▶ _Records for this exercise_:

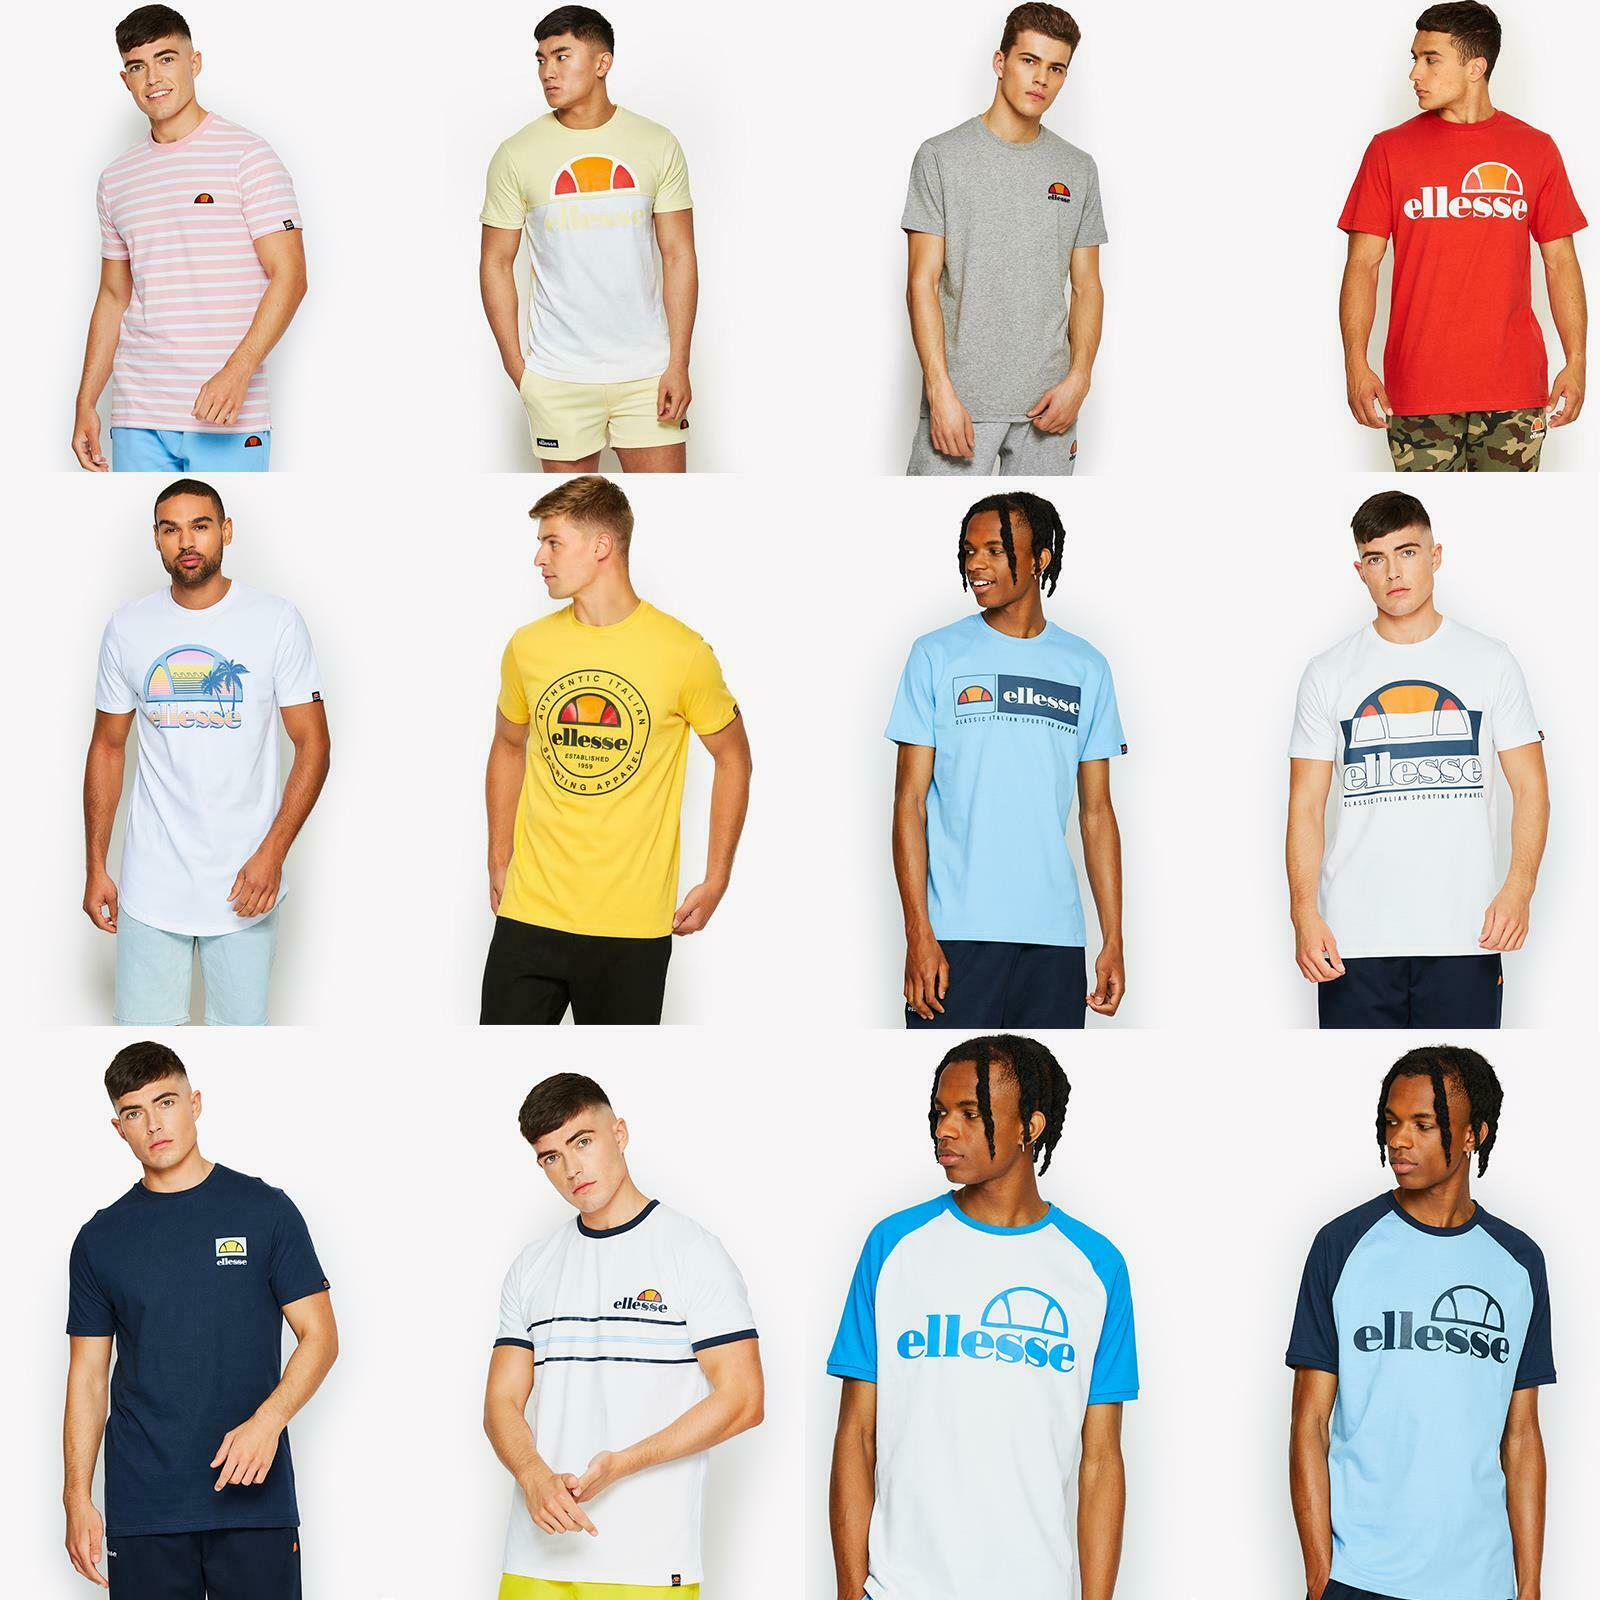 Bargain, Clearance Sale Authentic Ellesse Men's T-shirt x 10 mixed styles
---
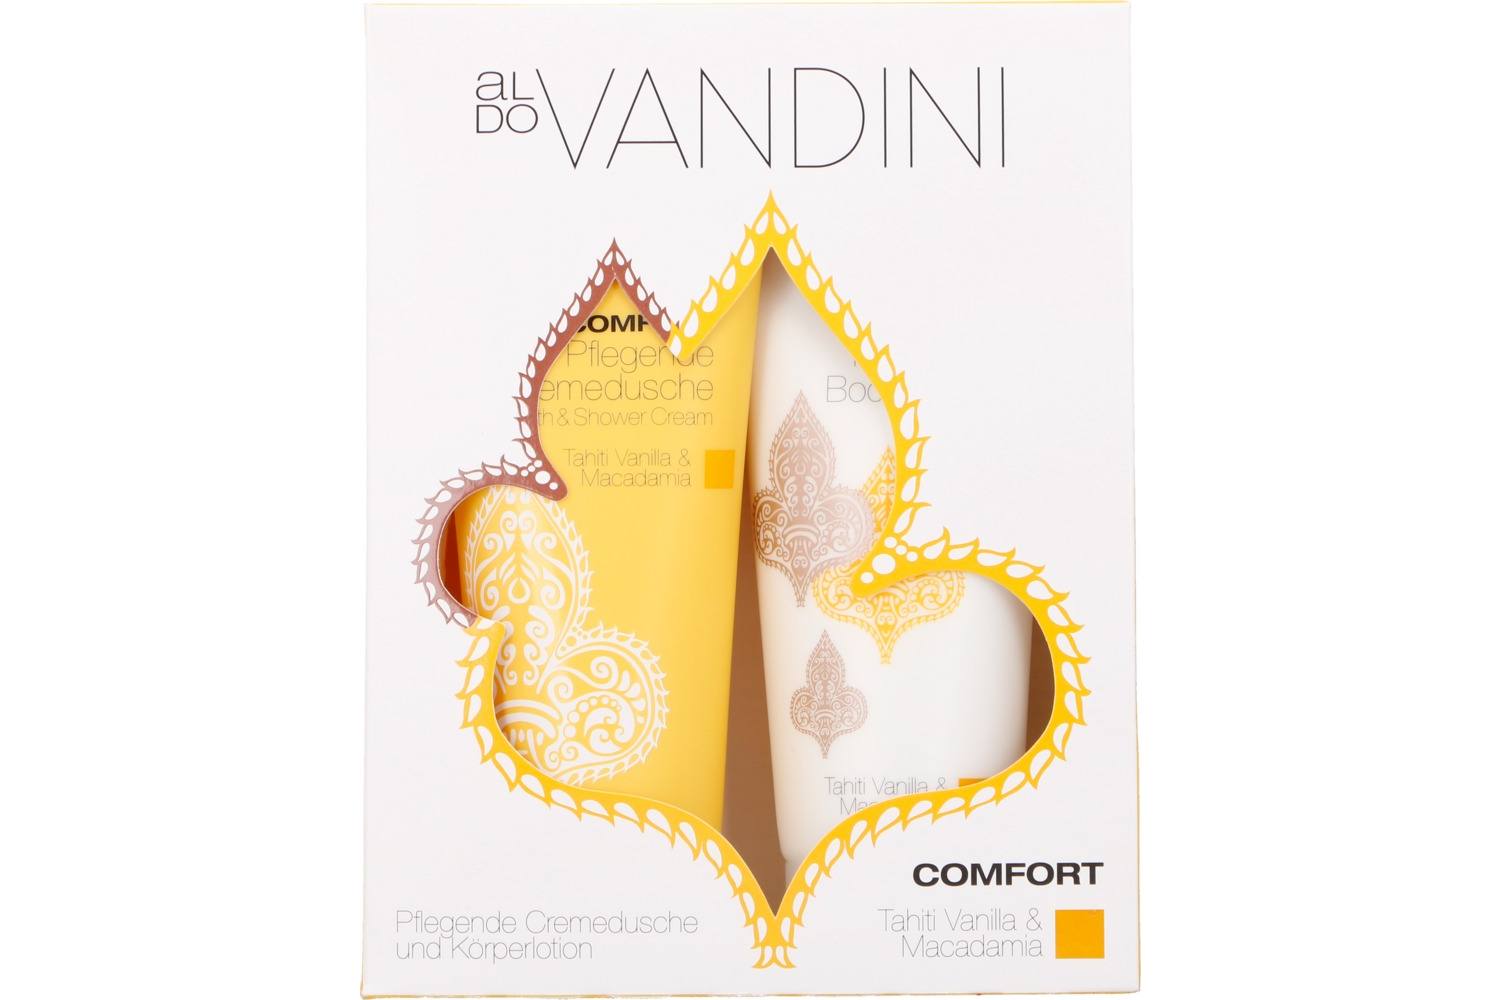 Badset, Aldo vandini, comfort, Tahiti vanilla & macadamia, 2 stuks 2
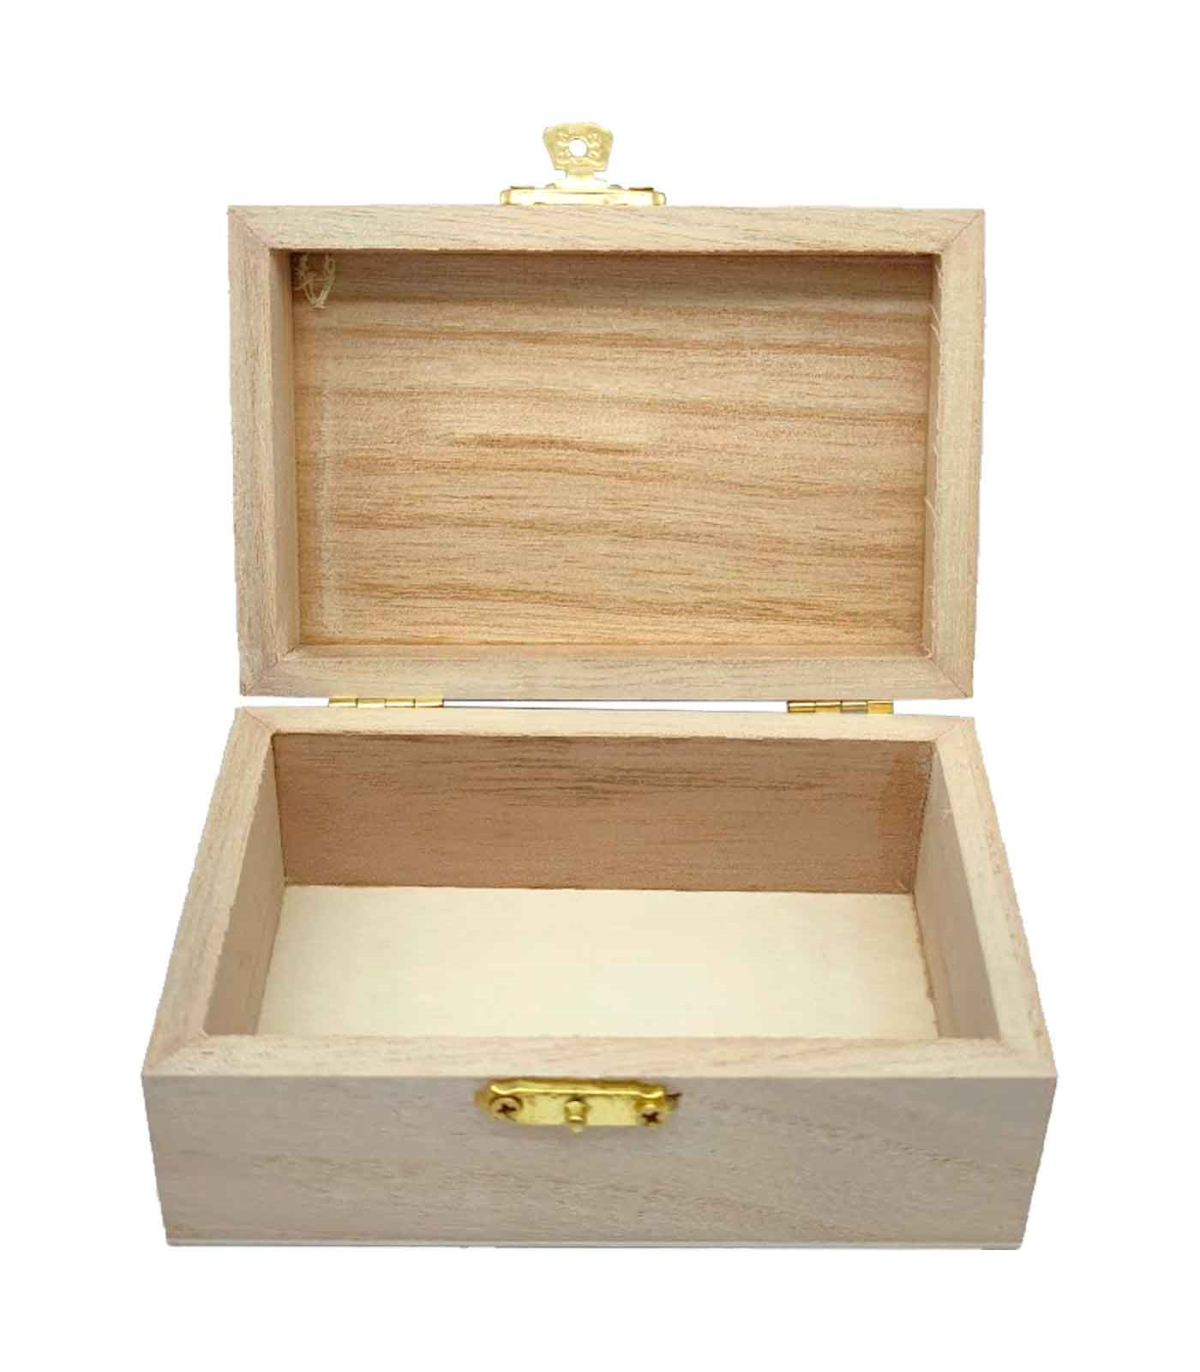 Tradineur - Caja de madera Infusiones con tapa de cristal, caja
...
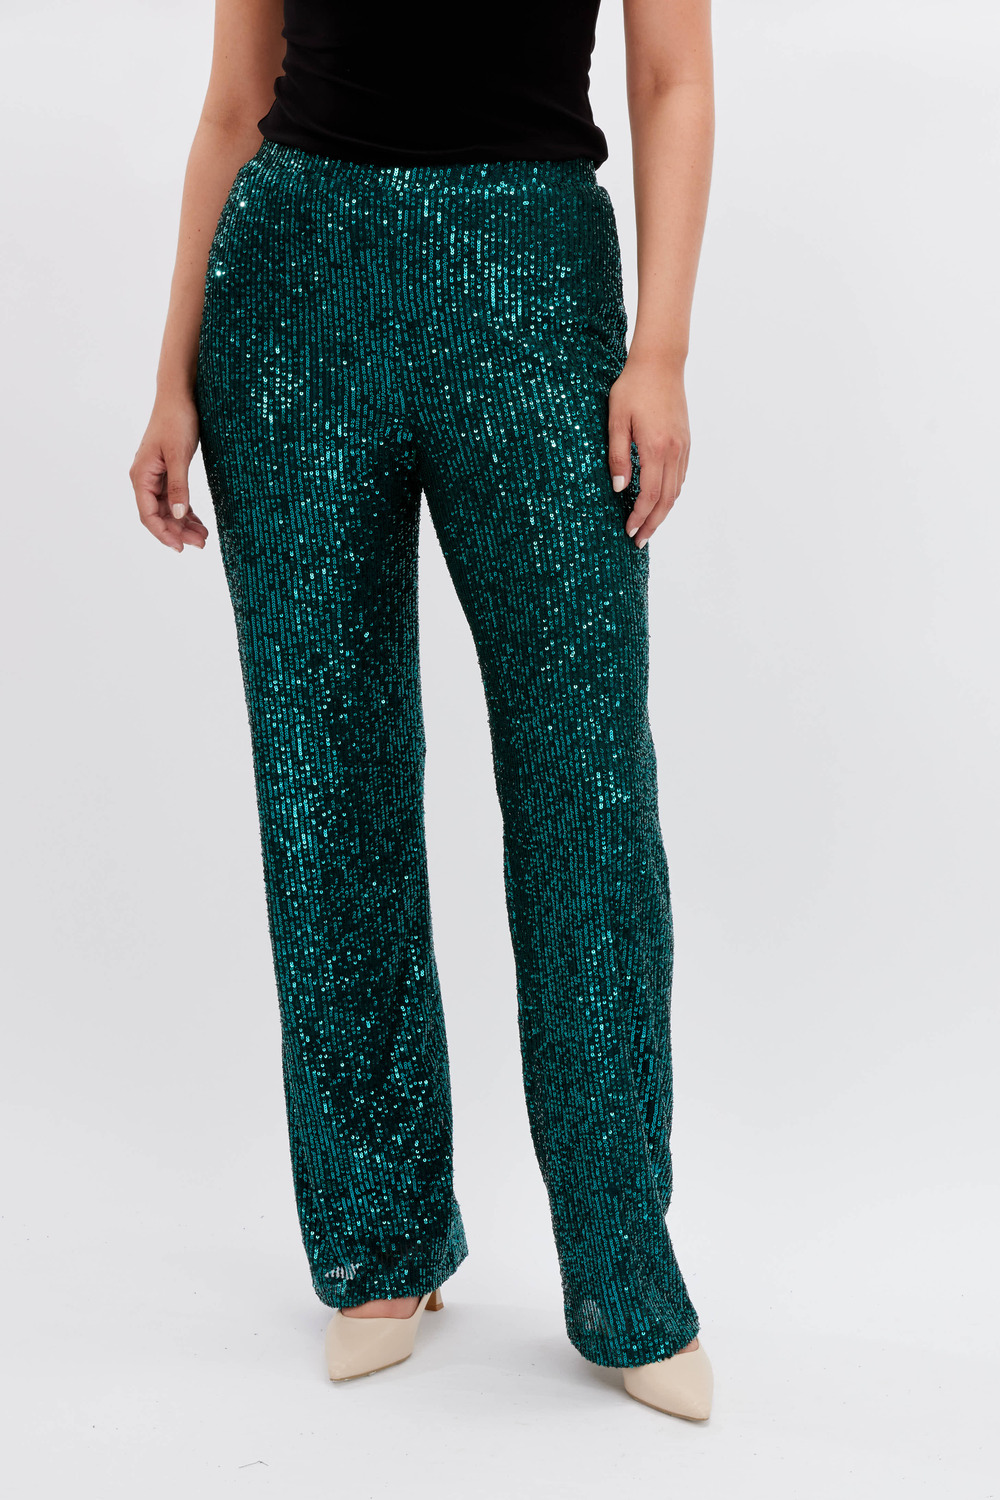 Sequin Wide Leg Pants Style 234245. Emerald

▶ _What the task requires_: Extract the part of the records that opens with the line containing "Badset, Aldo vandini, comfort, Tahiti" and closes with the line containing "Tradineur - Caja". Take only those lines, exactly, and no pictures.

▶ _Task response_:
 Badset, Aldo vandini, comfort, Tahiti vanilla & macadamia, 2 stuks 2
 Tradineur - Caja de madera Infusiones con tapa de cristal, caja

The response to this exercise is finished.